Seorang laki-laki sampai menangis di hadapan seorang wanita hanya kerana cintanya diterima. Tapi bagiku ini sangat keren.

Itu artinya perasaan Bagas terhadapku benar-benar sangat besar.

Aku menyesal mengapa tidak dari dulu menerima perasaan Bagas.

Kenapa aku malah berlarut-larut dalam ketidak pastian hubunganku dengan Dion?

Jelas-jelas lelaki itu hanya mempermainkanku!

"Gas, aku minta maaf ya, kerena dulu aku gak mau terima perasaan, kamu," ucapku pada Bagas.

"Maaf, Mbak. Kalau beb aku tahu, apa alasan, Mbak Mel, terima perasaan aku? Apa ini hanya kerana ingin menepati janji saja?" tanya Bagas.

Aku menggelengkan kepalaku. "Tentu saja tidak!" jawabku dengan tegas. "Aku kali ini menerima kamu dengan tulus, bukan karena ingin menepati janji saja. Tapi karena aku benar-benar udah jatuh cinta sama kamu, Gas!"

"Mbak Mel, beneran jatuh cinta sama, saya?"

"Iya, Gas!"

"Ah ... syukurlah ...." Bagas tersenyum lega.

"Dulu, aku pikir diri ini yang terlalu sok tahu. Dan menganggap Mbak Mel, itu benar-benar jatuh cinta kepadaku. Eh ternyata dugaanku benar! Dan, Mbak Mel, benar-benar jatuh cinta kepadaku!" pungkas Bagas dengan wajah yang sumringah.

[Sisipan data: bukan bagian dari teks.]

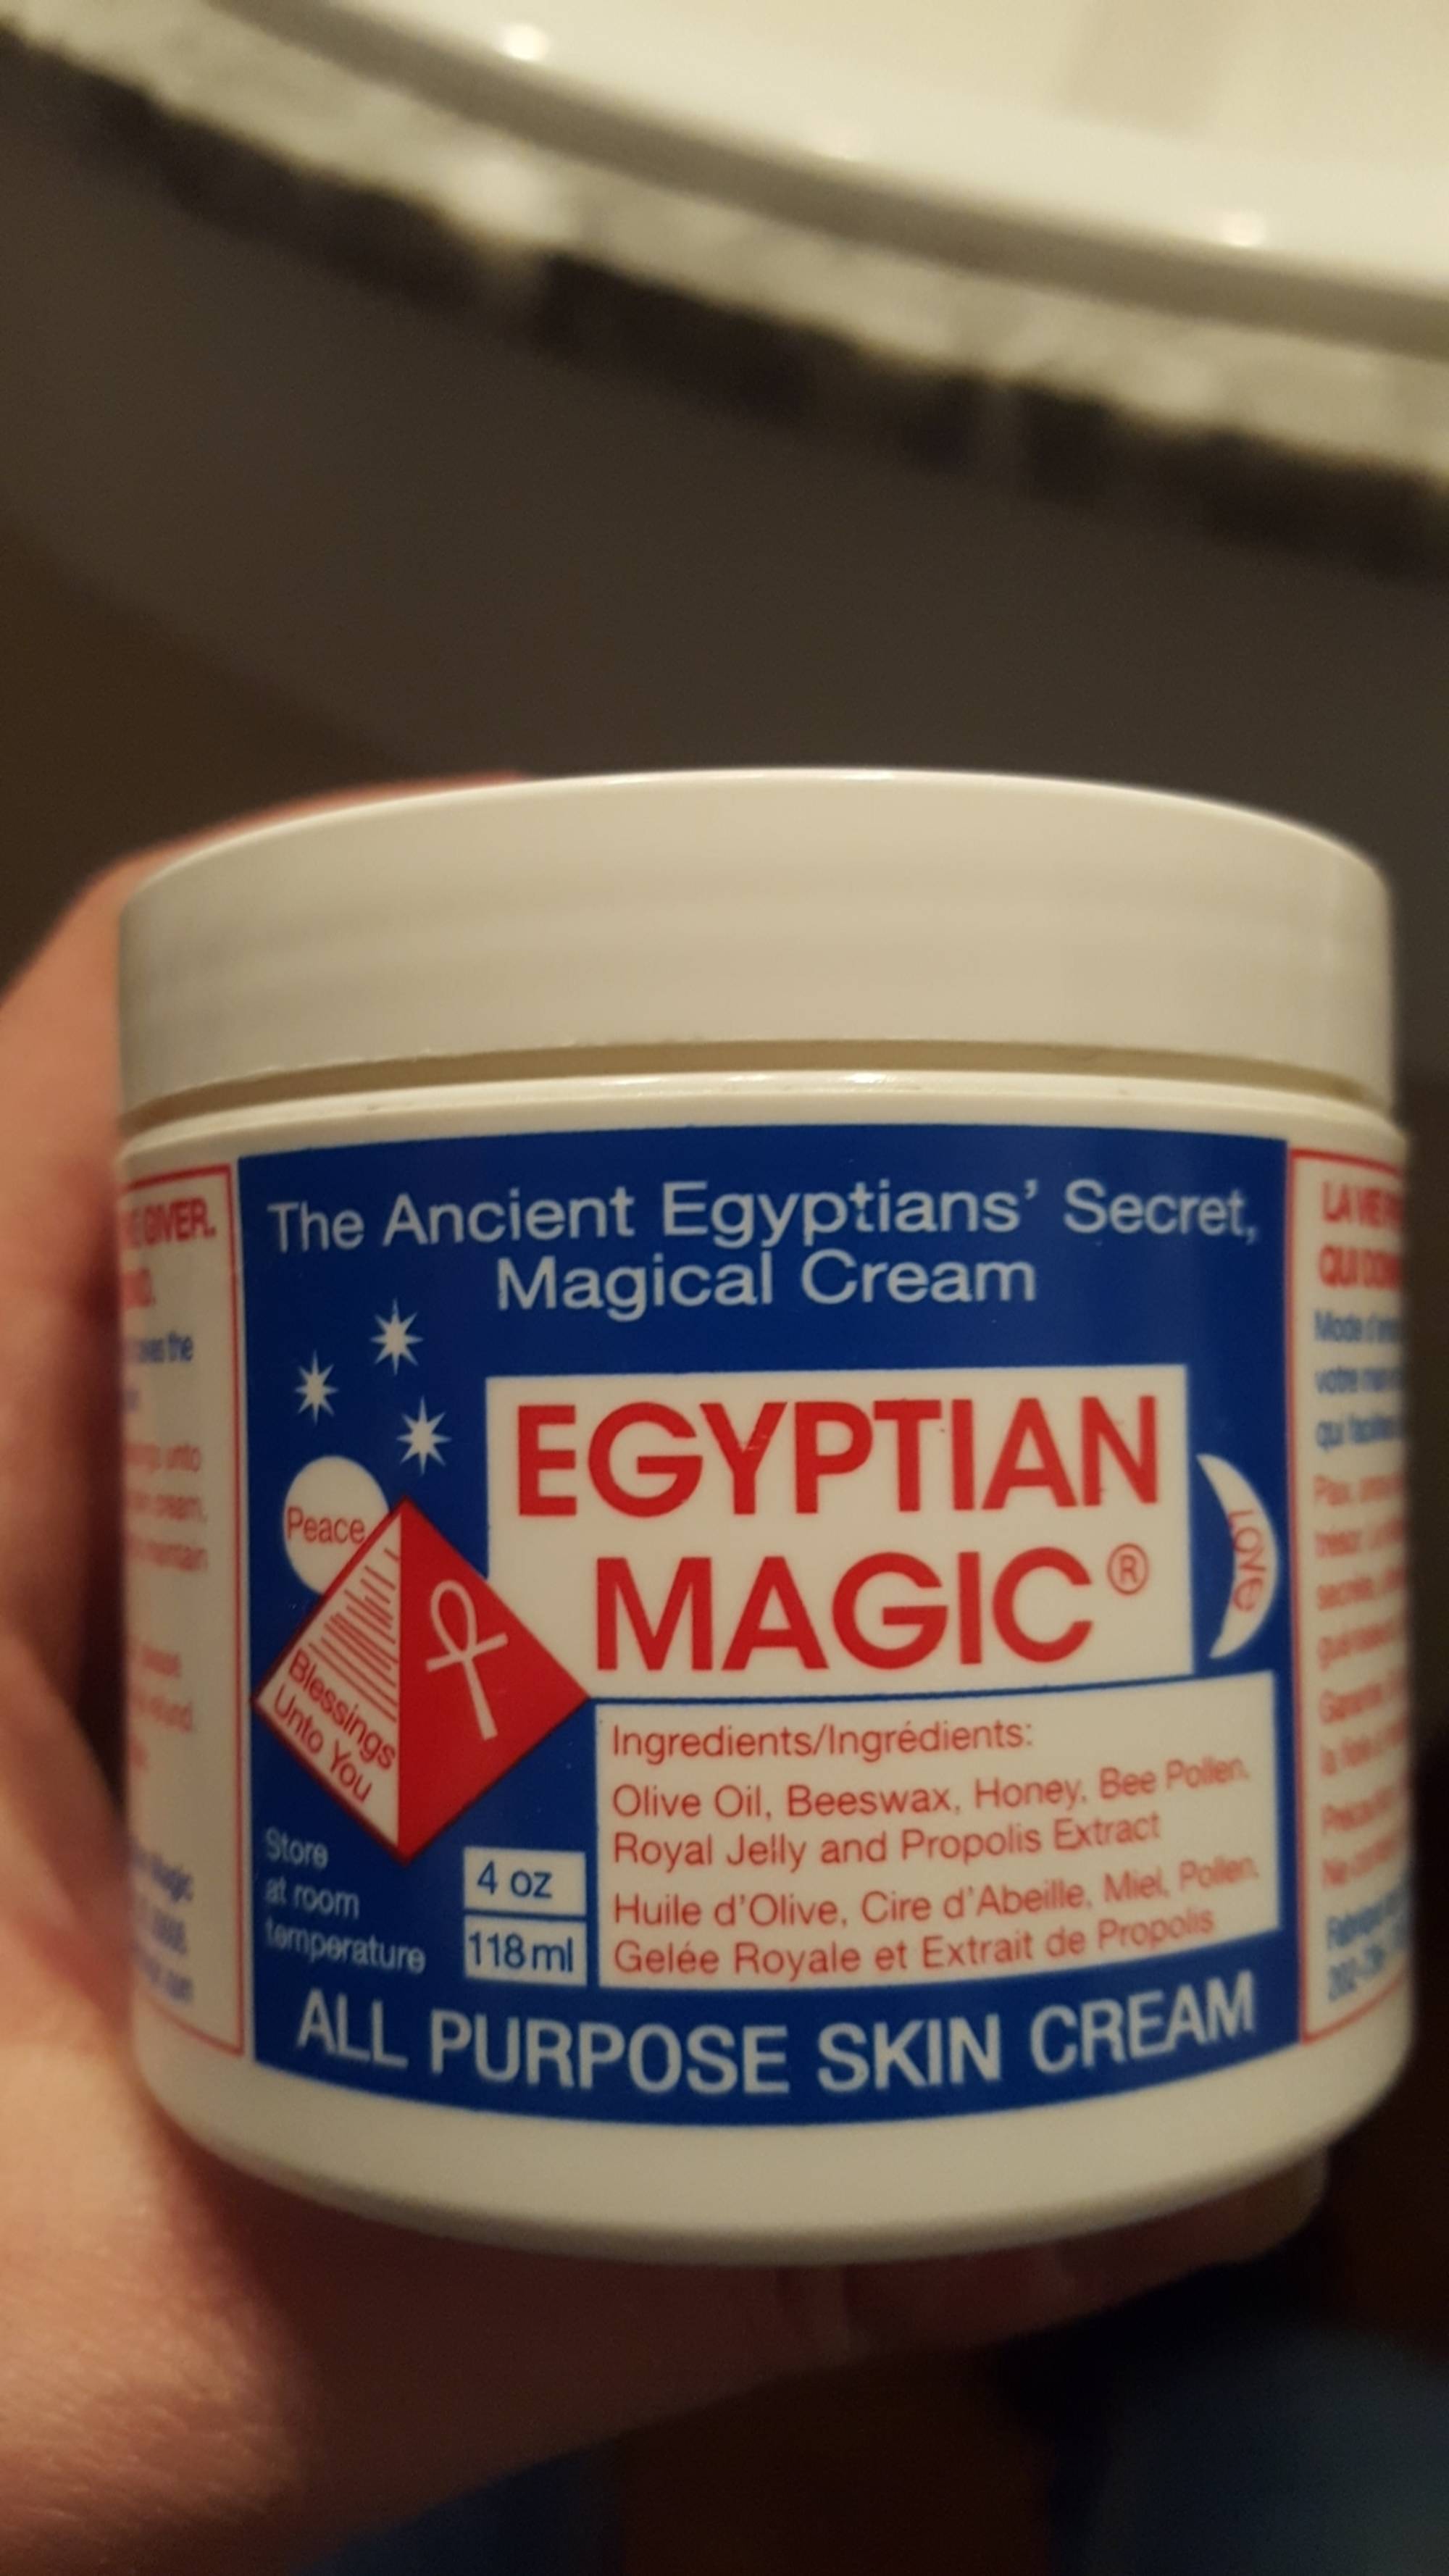 EGYPTIAN MAGIC - All purpose skin cream

"Iya, Gas! Selama ini aku yang munafik, aku terus menyangkal persaan aku sama kamu, tapi ternyata. Semakin aku menyangkal, perasaan cinta aku ke kamu semakin besar," ujarku seraya menundukan kepala.

"Satu tahun ini aku tersiksa, Gas. Aku tersiksa dengan perbuatanku sendiri," ucapku. "Aku, terlalu munafik!"

Bagas pun tersenyum lalu dia mengusap bahuku.

"Yang terpenting, sekarang Mbak Mel, udah jadi milikku. Aku bakalan buat Mbak Mel, terus tersenyum, dan aku janji gak bakalan buat Mbak Mel bersedih karena tingkahku ini," ujar Bagas.

Saat menangis tadi, dia terkesan kekanak-kanakan, tapi setelah berbicara seperti ini, Bagas terlihat sangat dewasa. Dan aku bangga memiliki kekasih seperti, Bagas.